Канареечное счастье - [16]
— Что ж, — говорю, — ваше превосходительство, в Харькове у меня есть тетка замужняя. К ней бы, разве так, чтоб проведать.
Вижу, удивился господин следователь до чрезвычайности, даже в голове почесал. Понял я, что неладно как выразился.
— Впрочем, — говорю, — Бог с ней, с теткой. Лучше в Одессу съездить. Есть у меня двоюродный брат в машинистах. Давно уже зовет навестить.
— Экий вы человек! — сказал господин следователь. — Мы вас по этапу, в Сибирь, а вы все насчет южного полушария. Скажите лучше, куда вам желательно: в Иркутск, Красноярск или в сибирскую тундру, к самоедам?
Крепко задумался я насчет этих слов. Оно и на самом деле — как угадать, где лучше? Ну да уж решил положиться на провидение своей судьбы.
— Так что, — говорю, — в тундру, ваше превосходительство, желаю. К этим самым, как вы изволили выразиться, самоедам.
— Что ж, — говорит. — Поезжайте. Вы человек молодой. А это все-таки путешествие интересное, к тому же на казенные средства.
И так это ласково засмеялся! Потом попрощался со мной за ручку и пожелал счастливой дороги.
Вышел я со стражником на улицу (зима уже, помню, стояла повсюду).

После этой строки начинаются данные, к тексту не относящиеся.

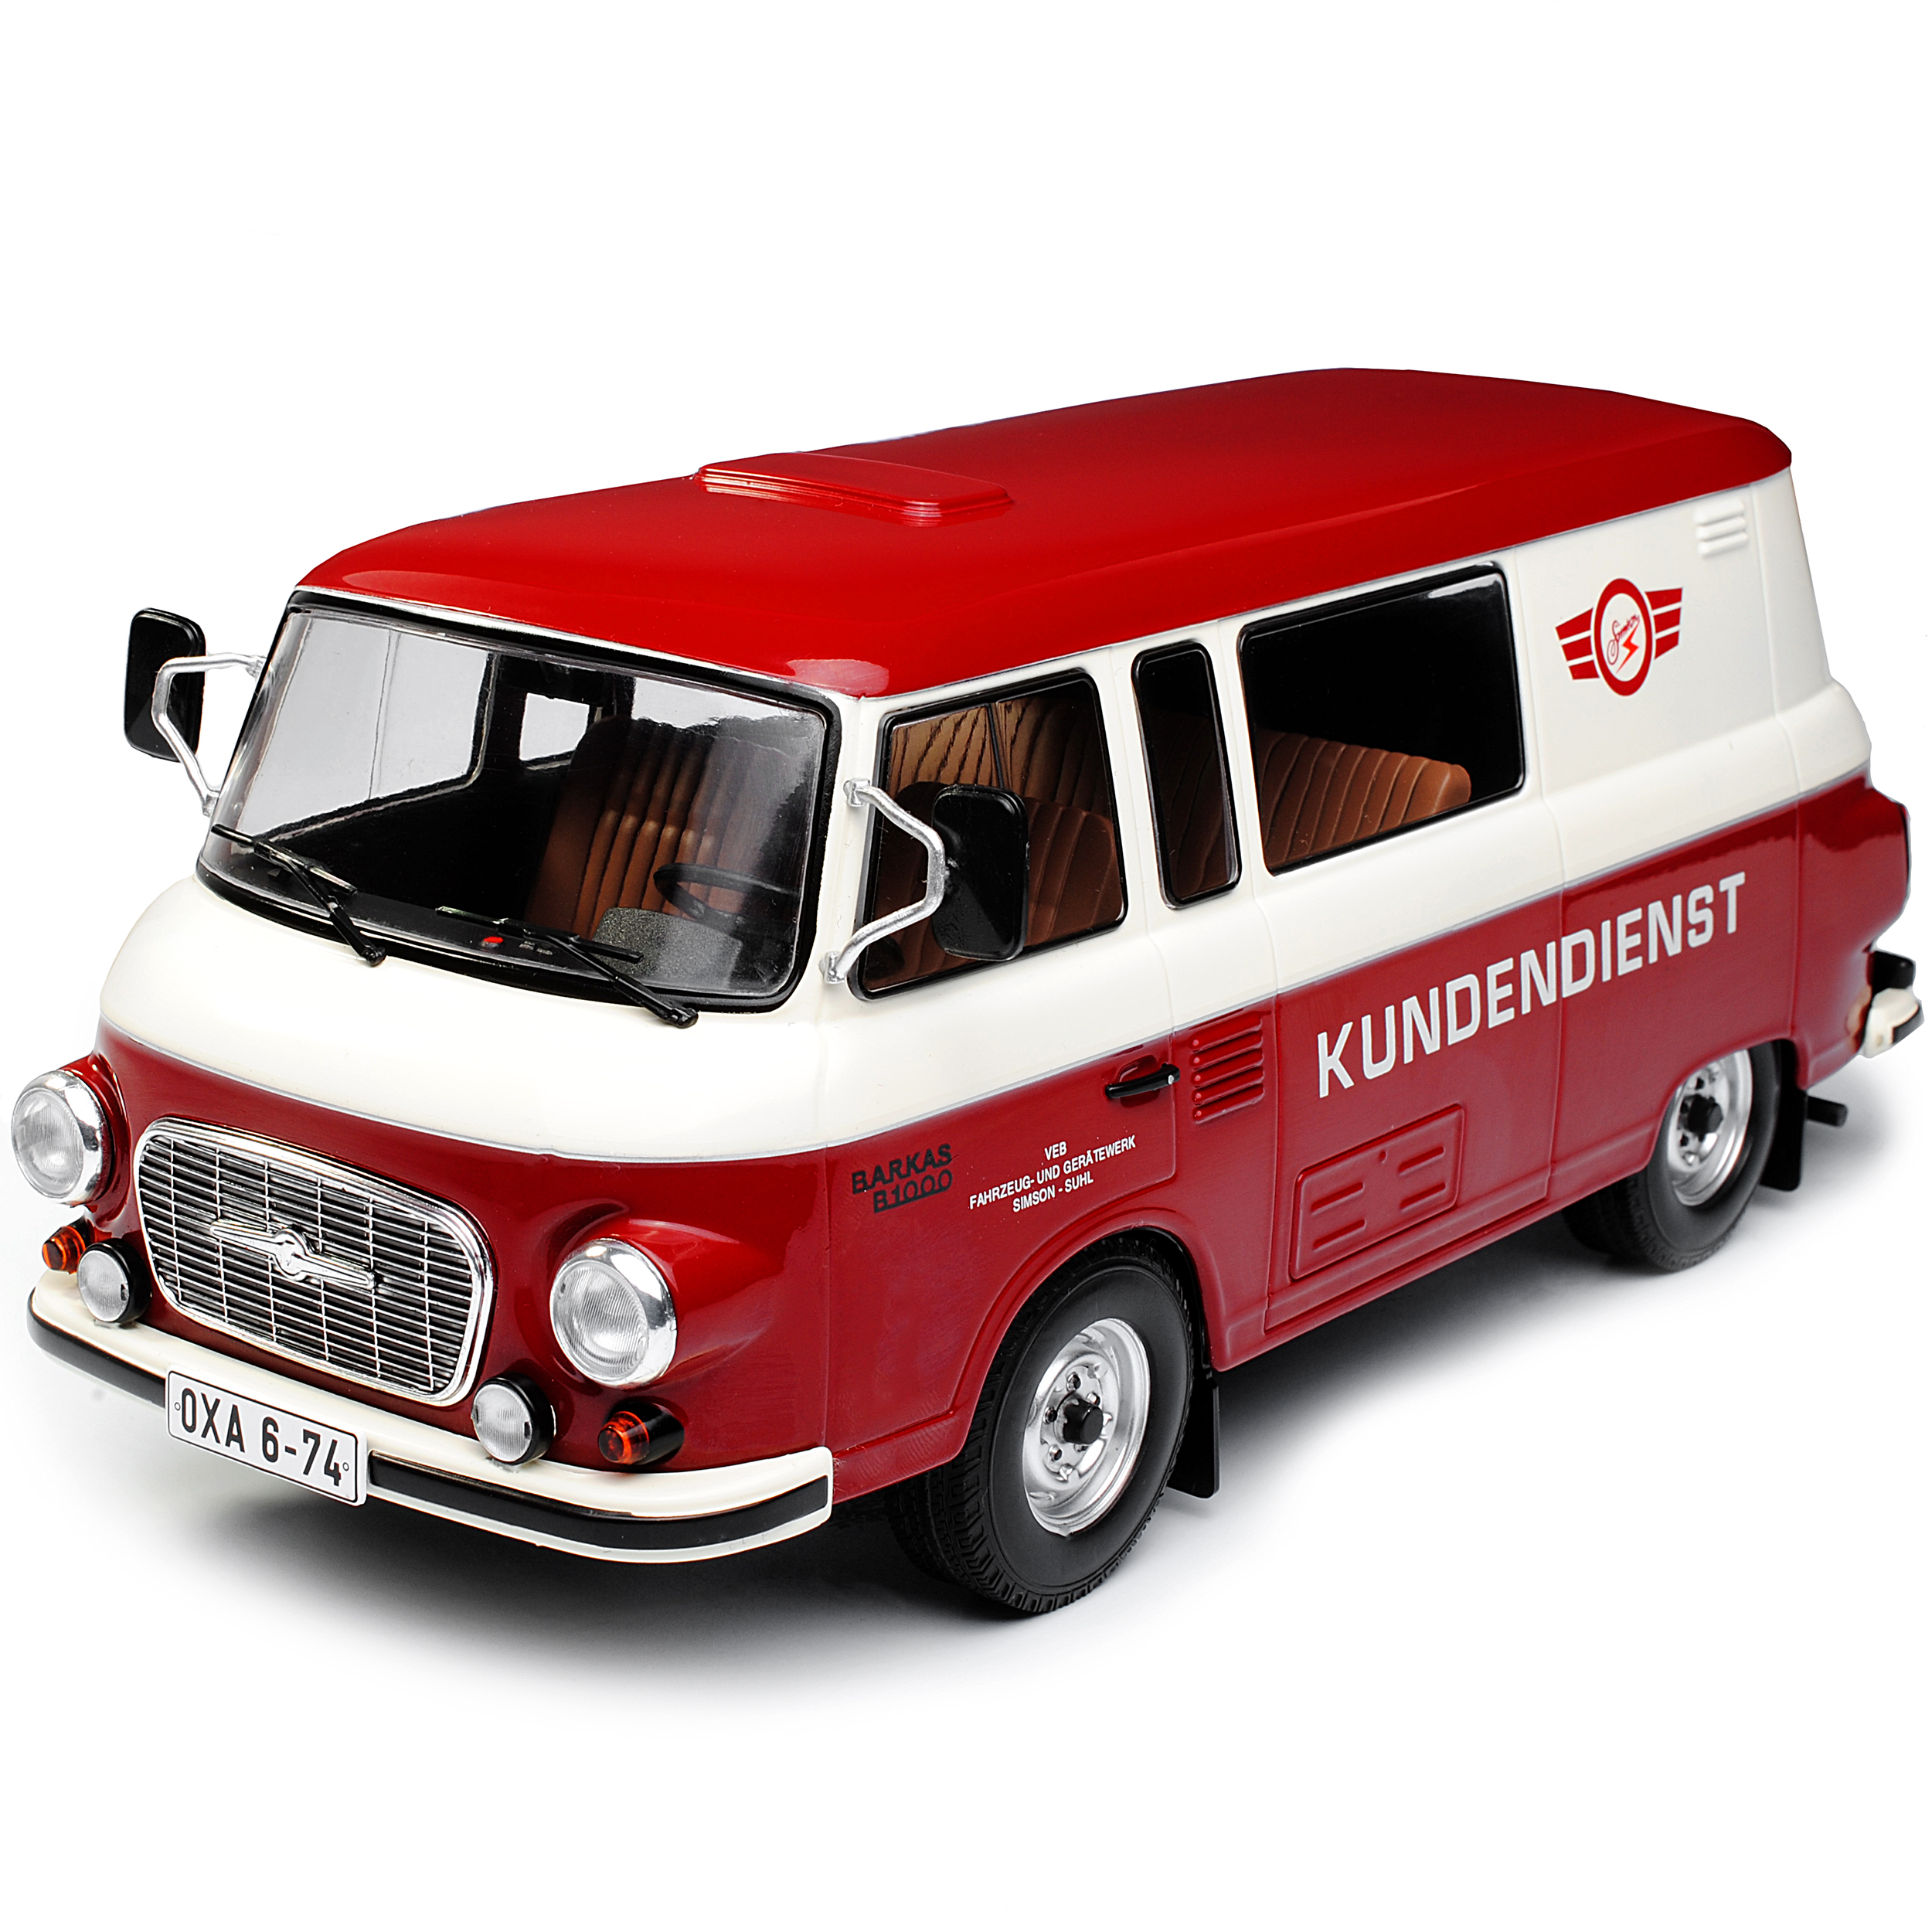 Barkas B1000 Bus Halbbus Simson Kundendienst VEB DDR Rot Beige 1961-1990 1//18 ..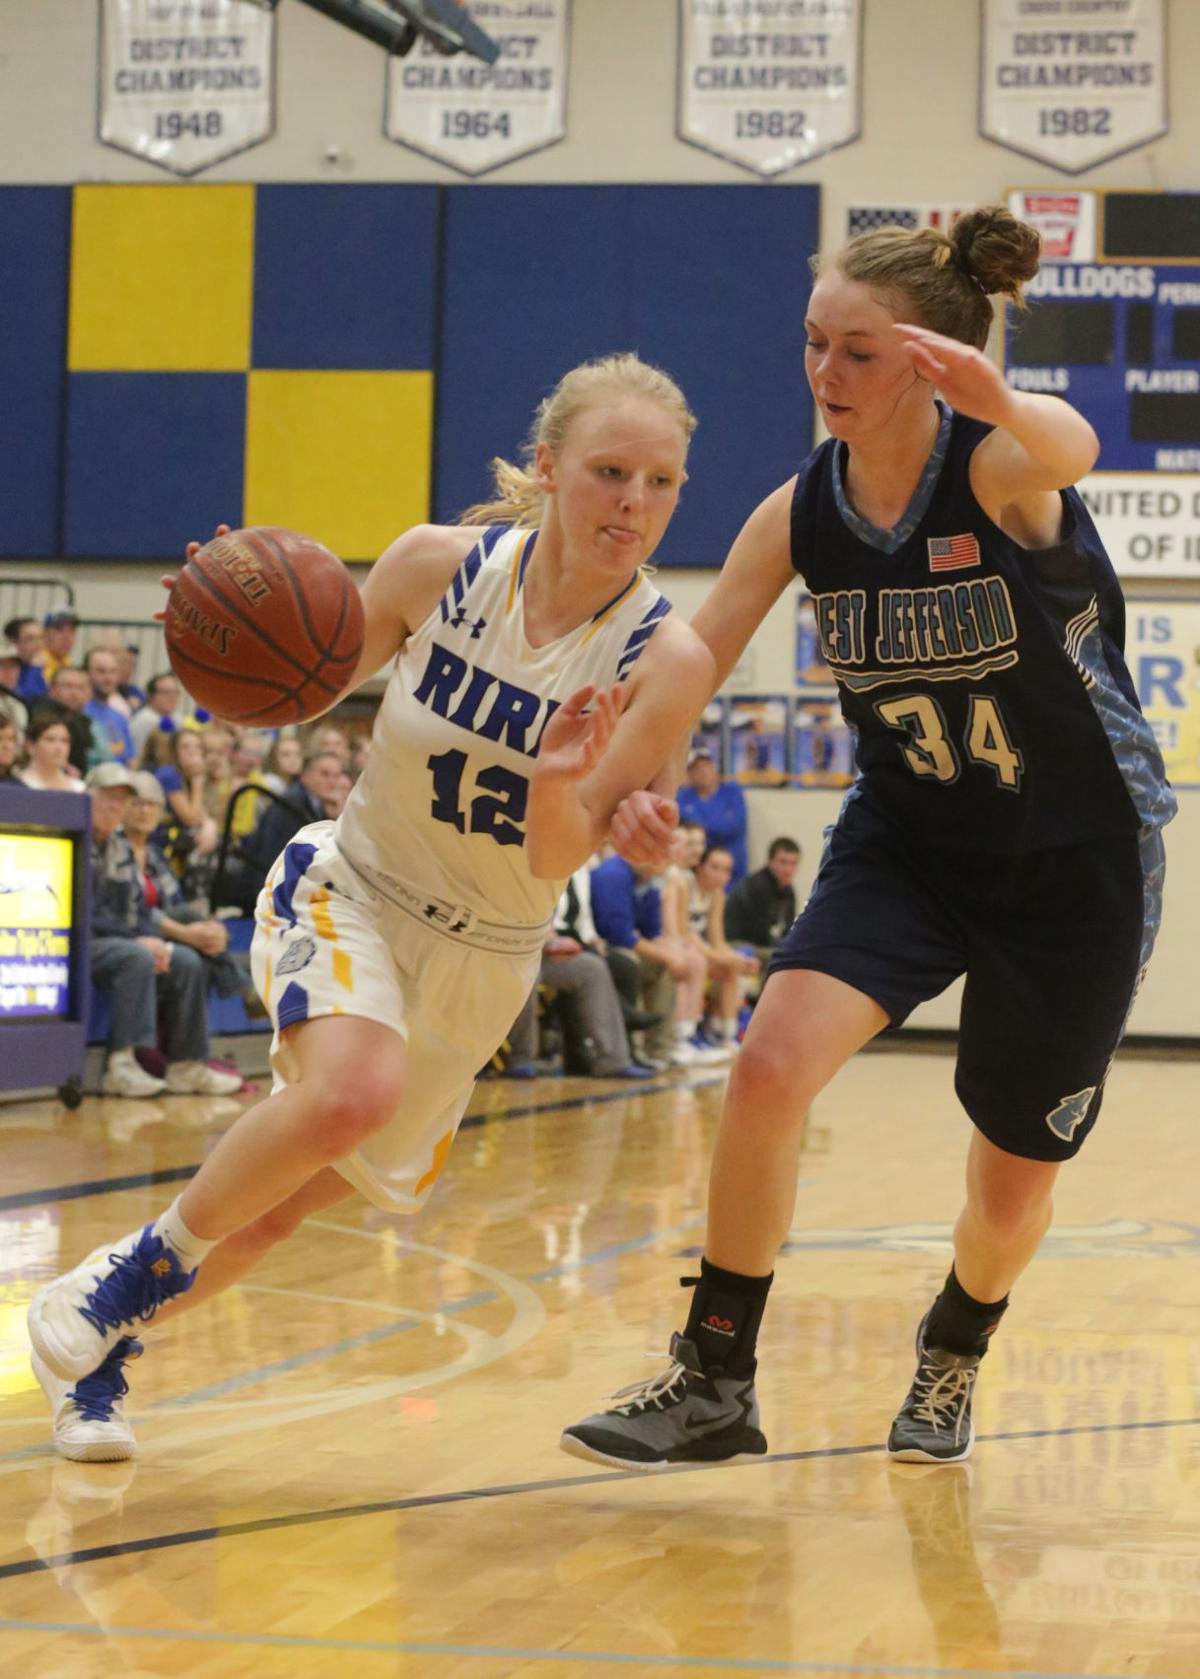 Ririe High vs West Jefferson girls basketball

И вдруг, как в давнее время, слышу бубенцы: дзинь, дзинь… Ровно бы резнуло меня что по сердцу. Эк, думаю, раззвонились!
А наутро везли меня по этапу в дальнее путешествие.
Ну уж, доложу, и дорожка была! Никаких, собственно, путей сообщения. И как выехали мы из города Енисейска, стражник мой, Филипп Иванович, троекратно перекрестился.
— Теперь, — говорит, проститесь, молодой человек, с русской культурой и с казенными винными лавками.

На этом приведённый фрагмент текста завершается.